▶ Your instructions: After locating "7c264bc9d0 Pantalones Para", return its line and all lines that follow through the end of the listing below, exactly; leave out pictures.

Provided material below:

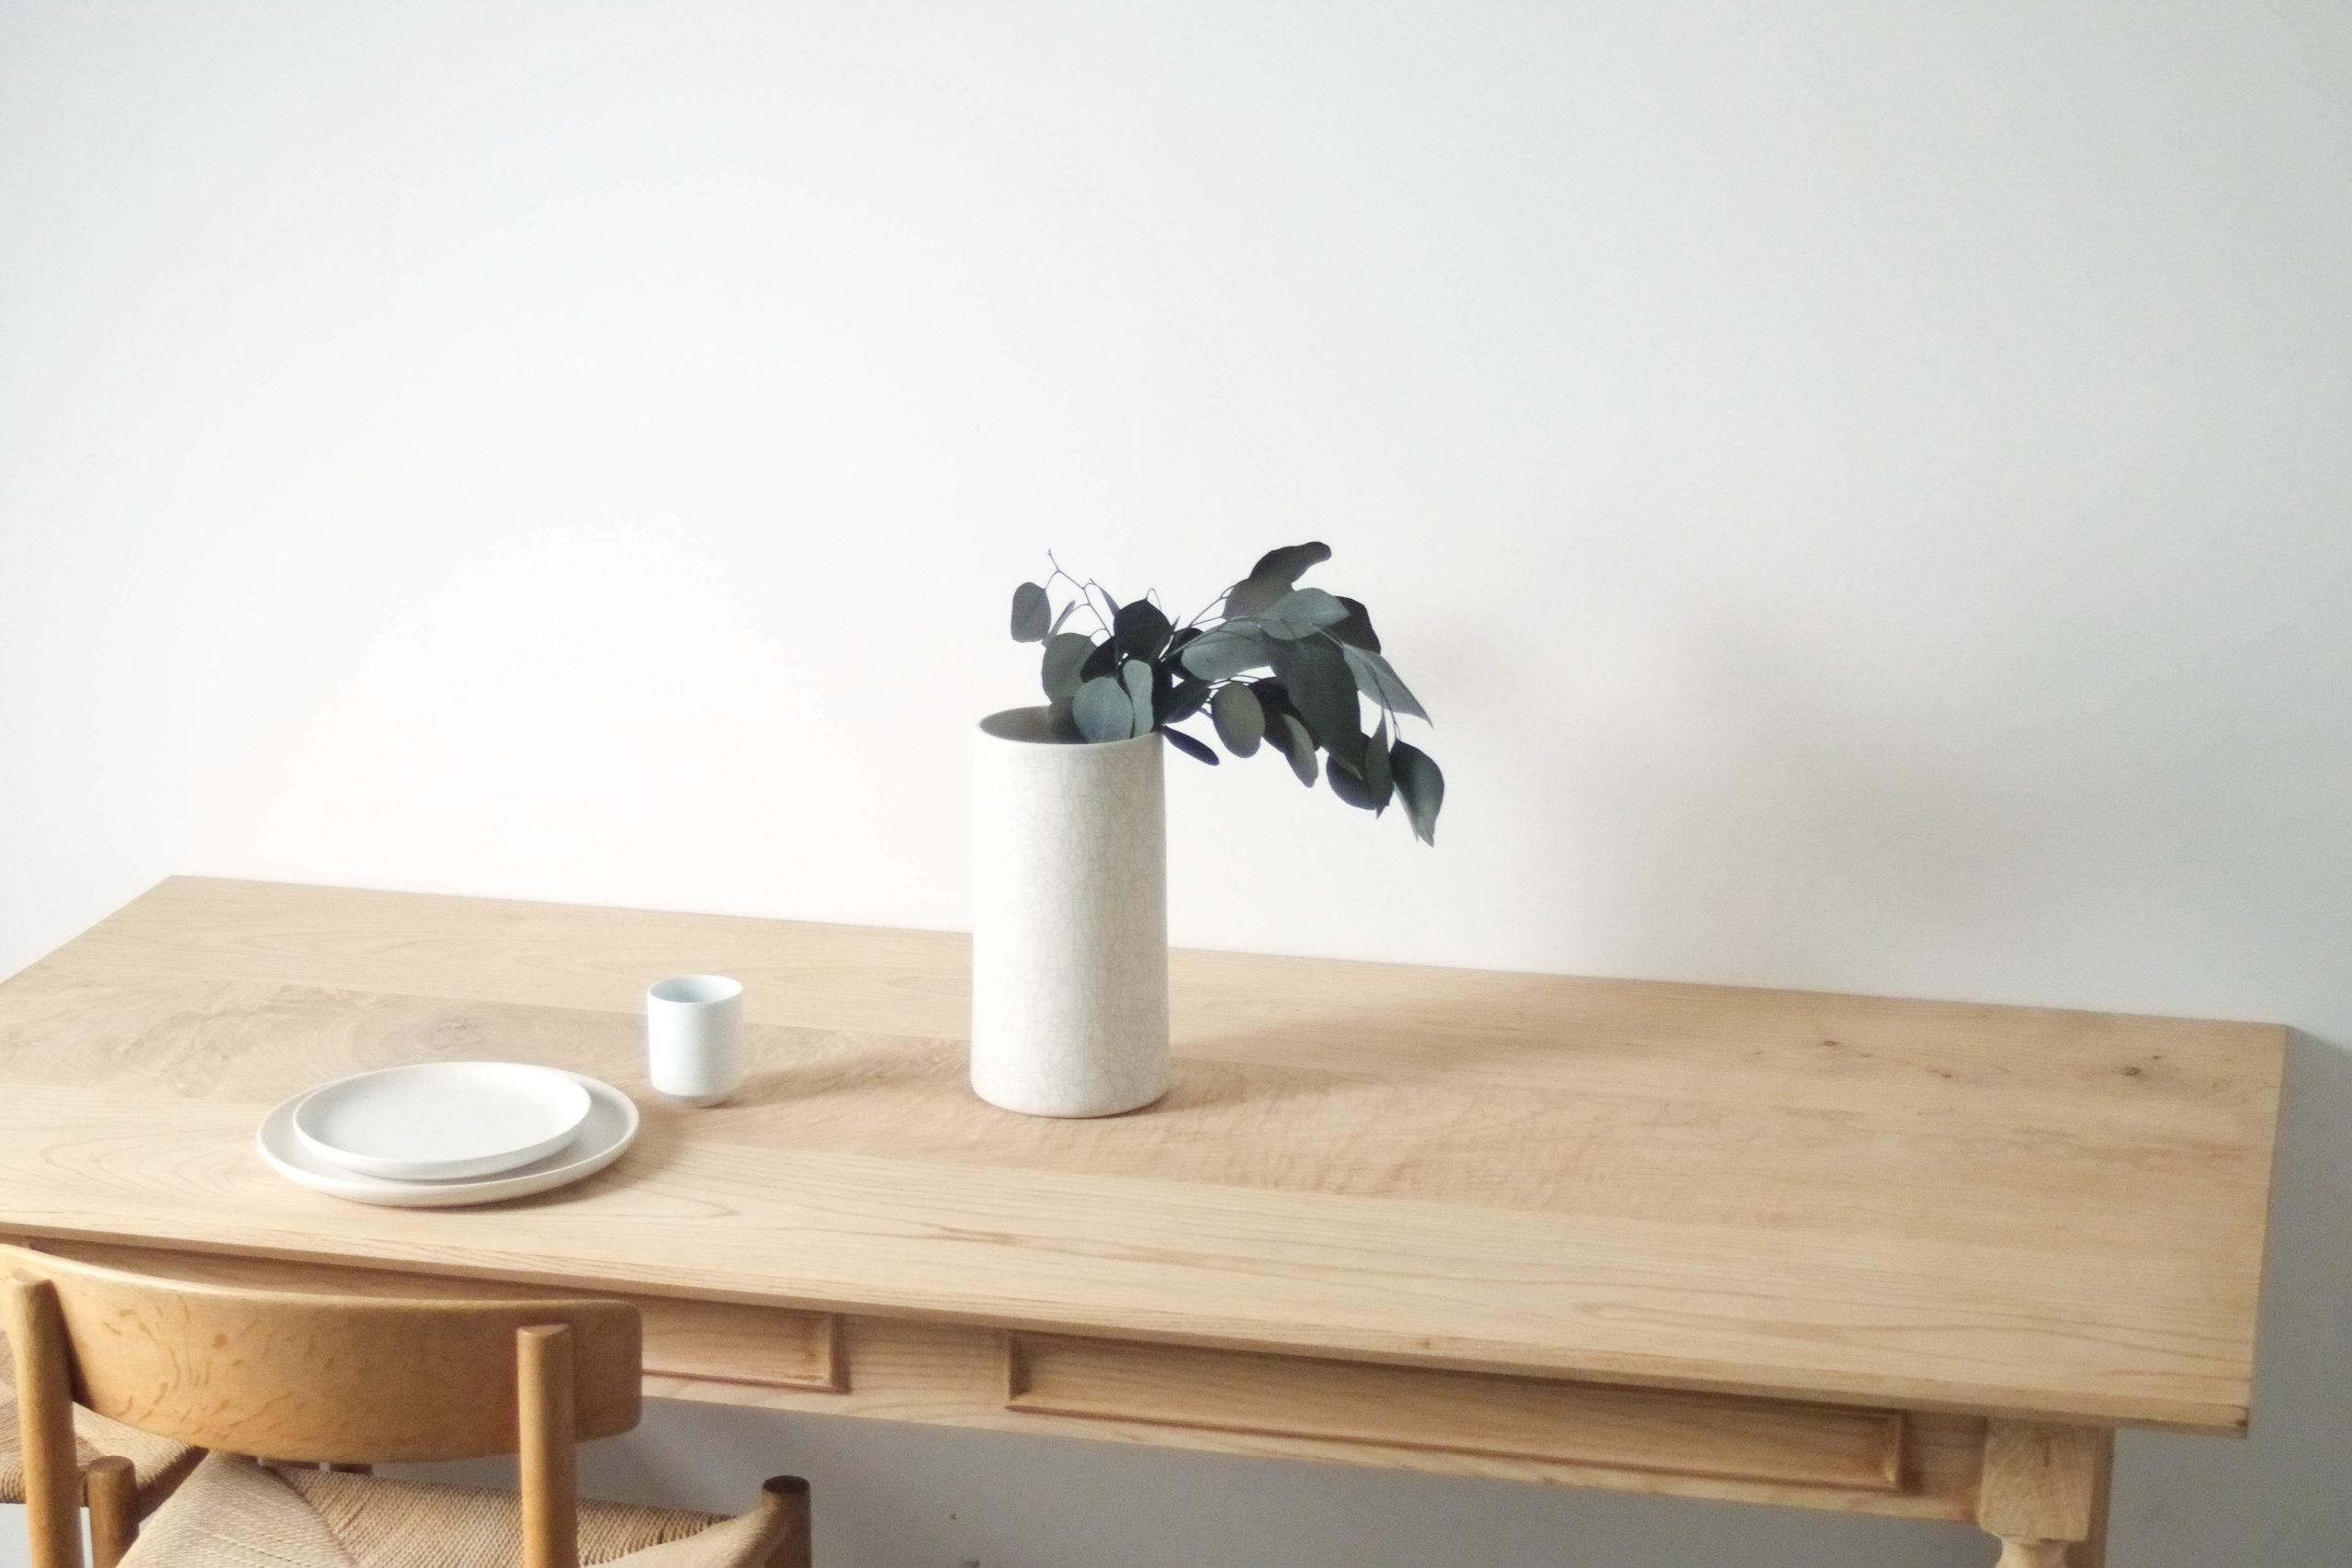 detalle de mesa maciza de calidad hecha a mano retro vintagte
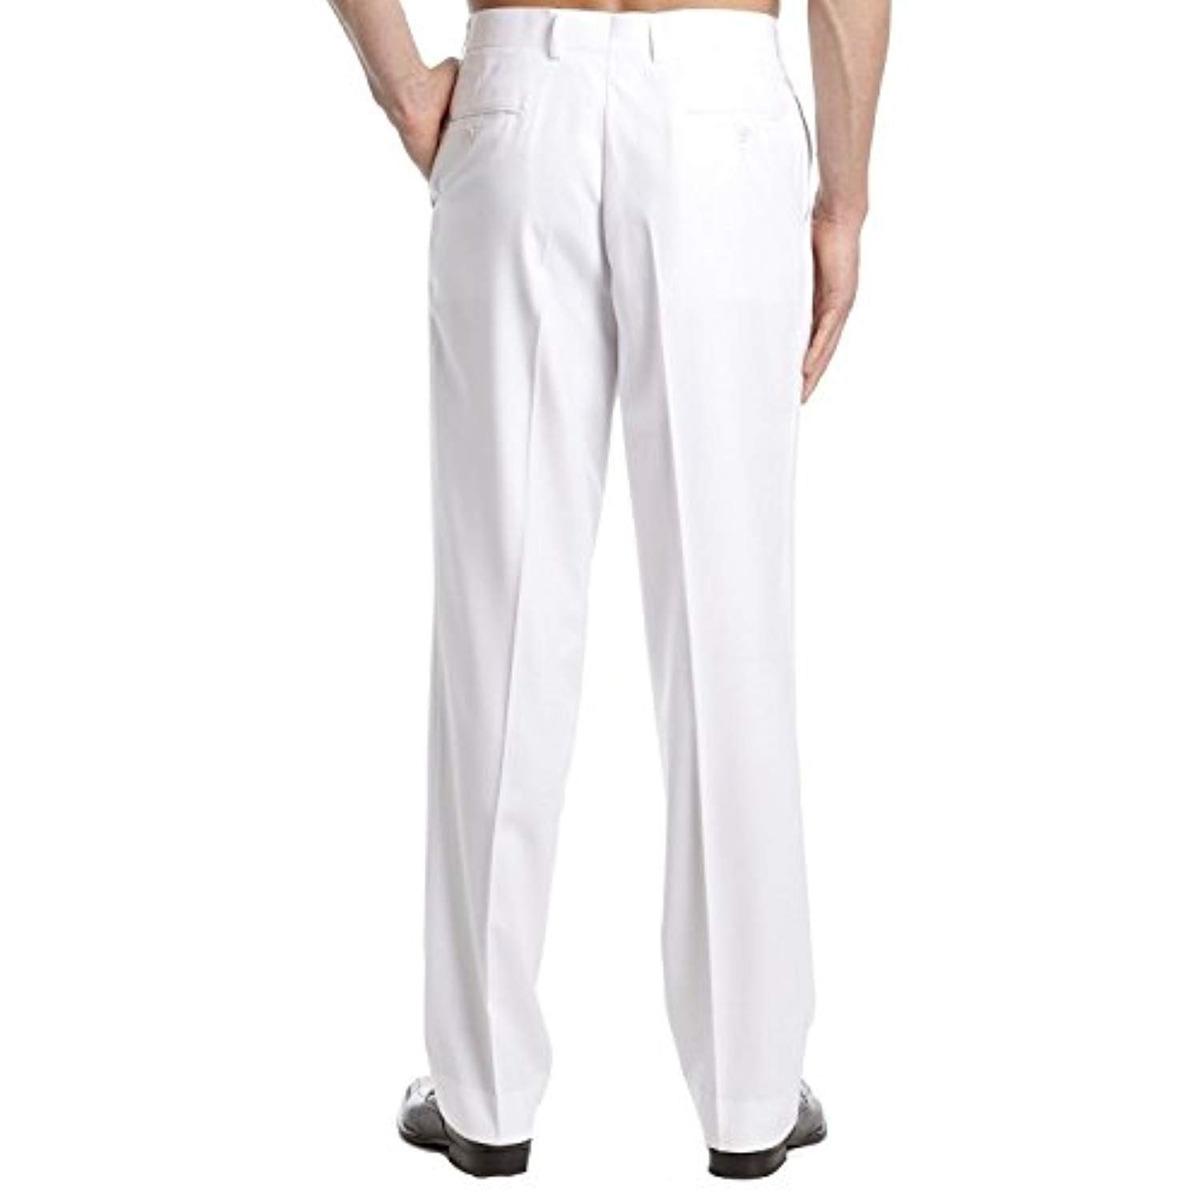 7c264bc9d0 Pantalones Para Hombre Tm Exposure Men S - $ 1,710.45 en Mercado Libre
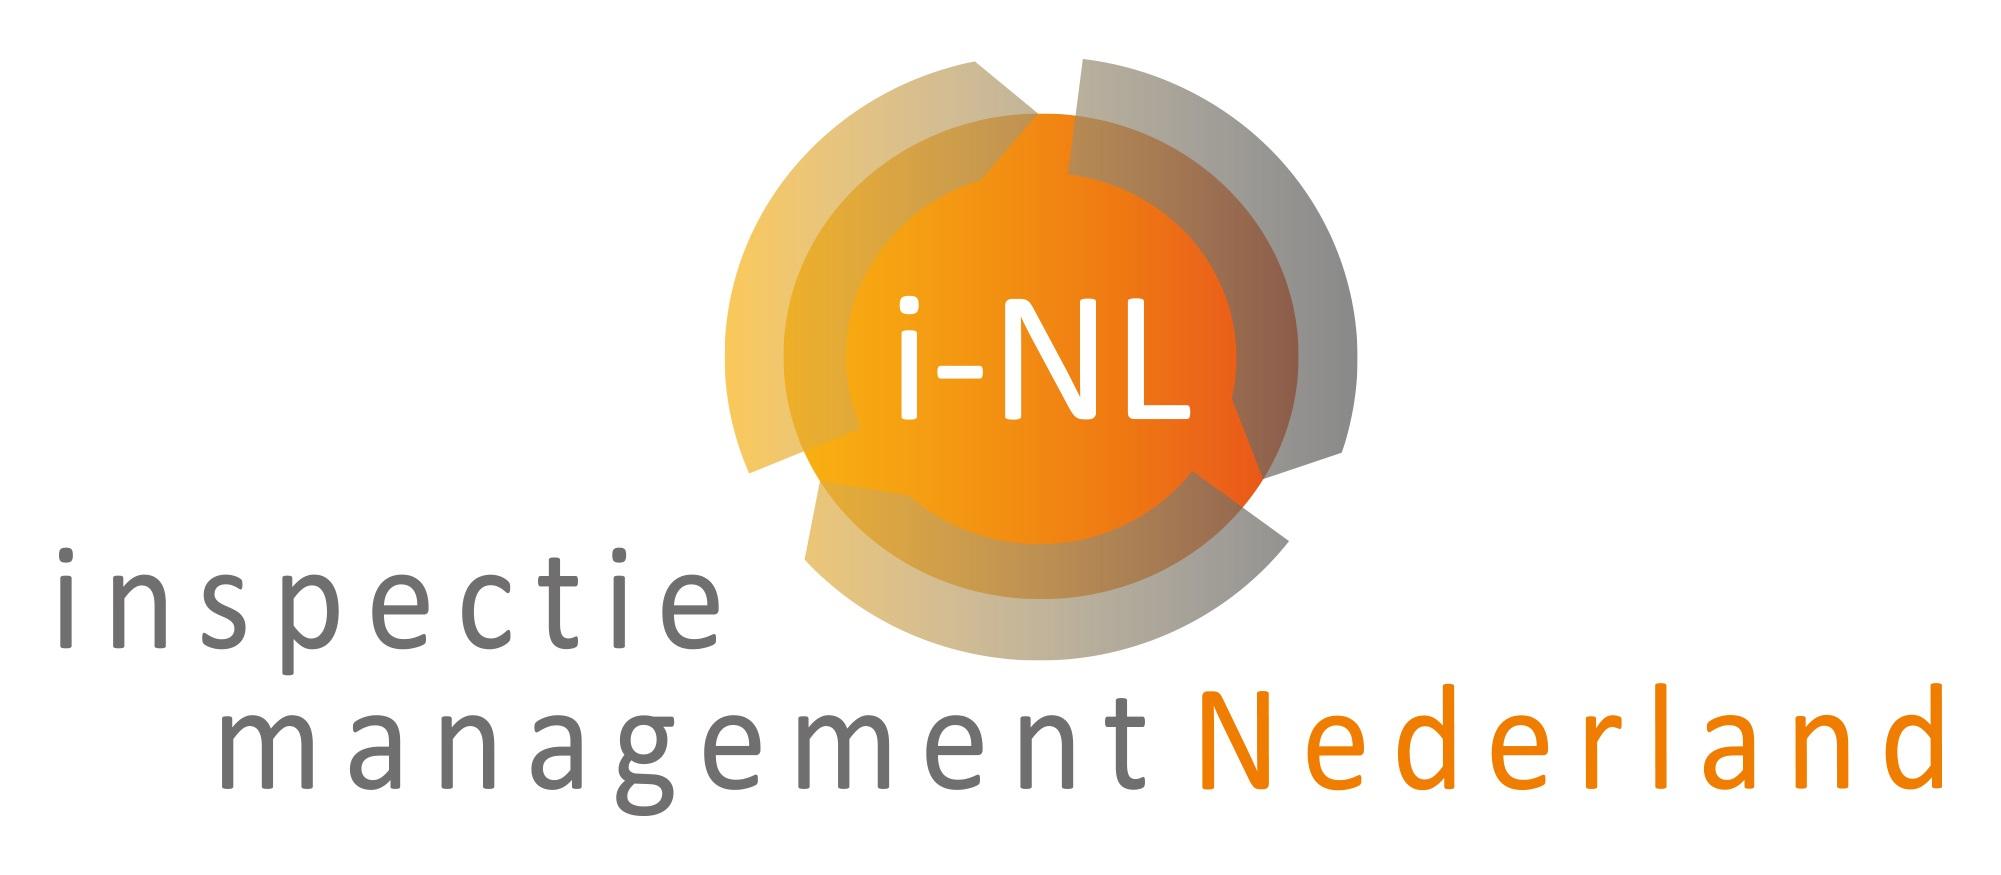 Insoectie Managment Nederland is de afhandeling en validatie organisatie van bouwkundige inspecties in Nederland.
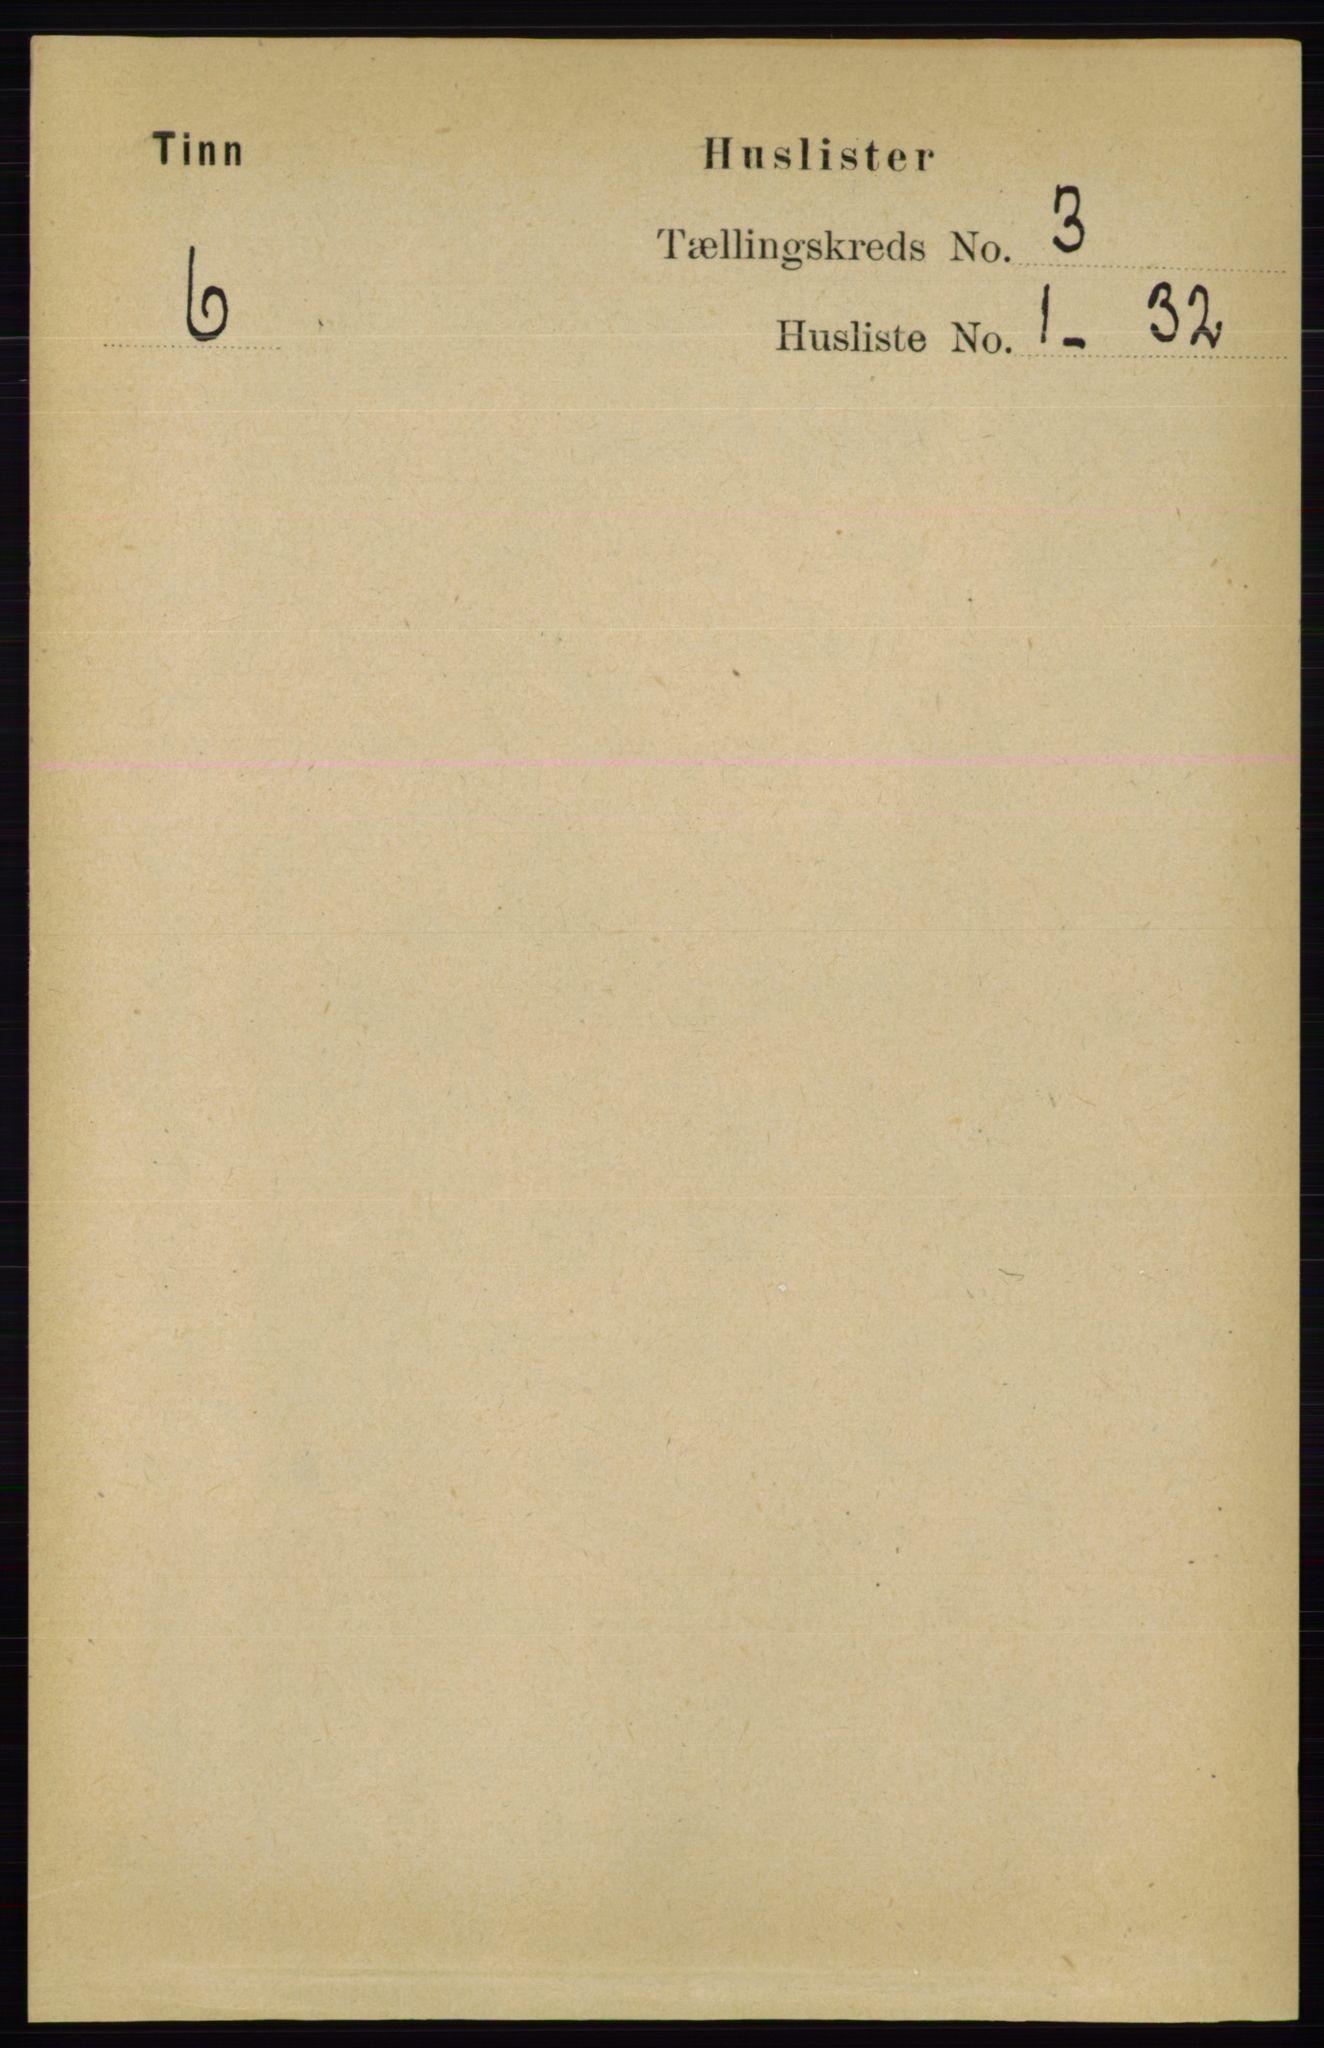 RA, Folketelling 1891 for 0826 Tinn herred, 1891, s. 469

End of Provided material.

▶ Answer section:
 7c264bc9d0 Pantalones Para Hombre Tm Exposure Men S - $ 1,710.45 en Mercado Libre
 Insoectie Managment Nederland is de afhandeling en validatie organisatie van bouwkundige inspecties in Nederland.
 RA, Folketelling 1891 for 0826 Tinn herred, 1891, s. 469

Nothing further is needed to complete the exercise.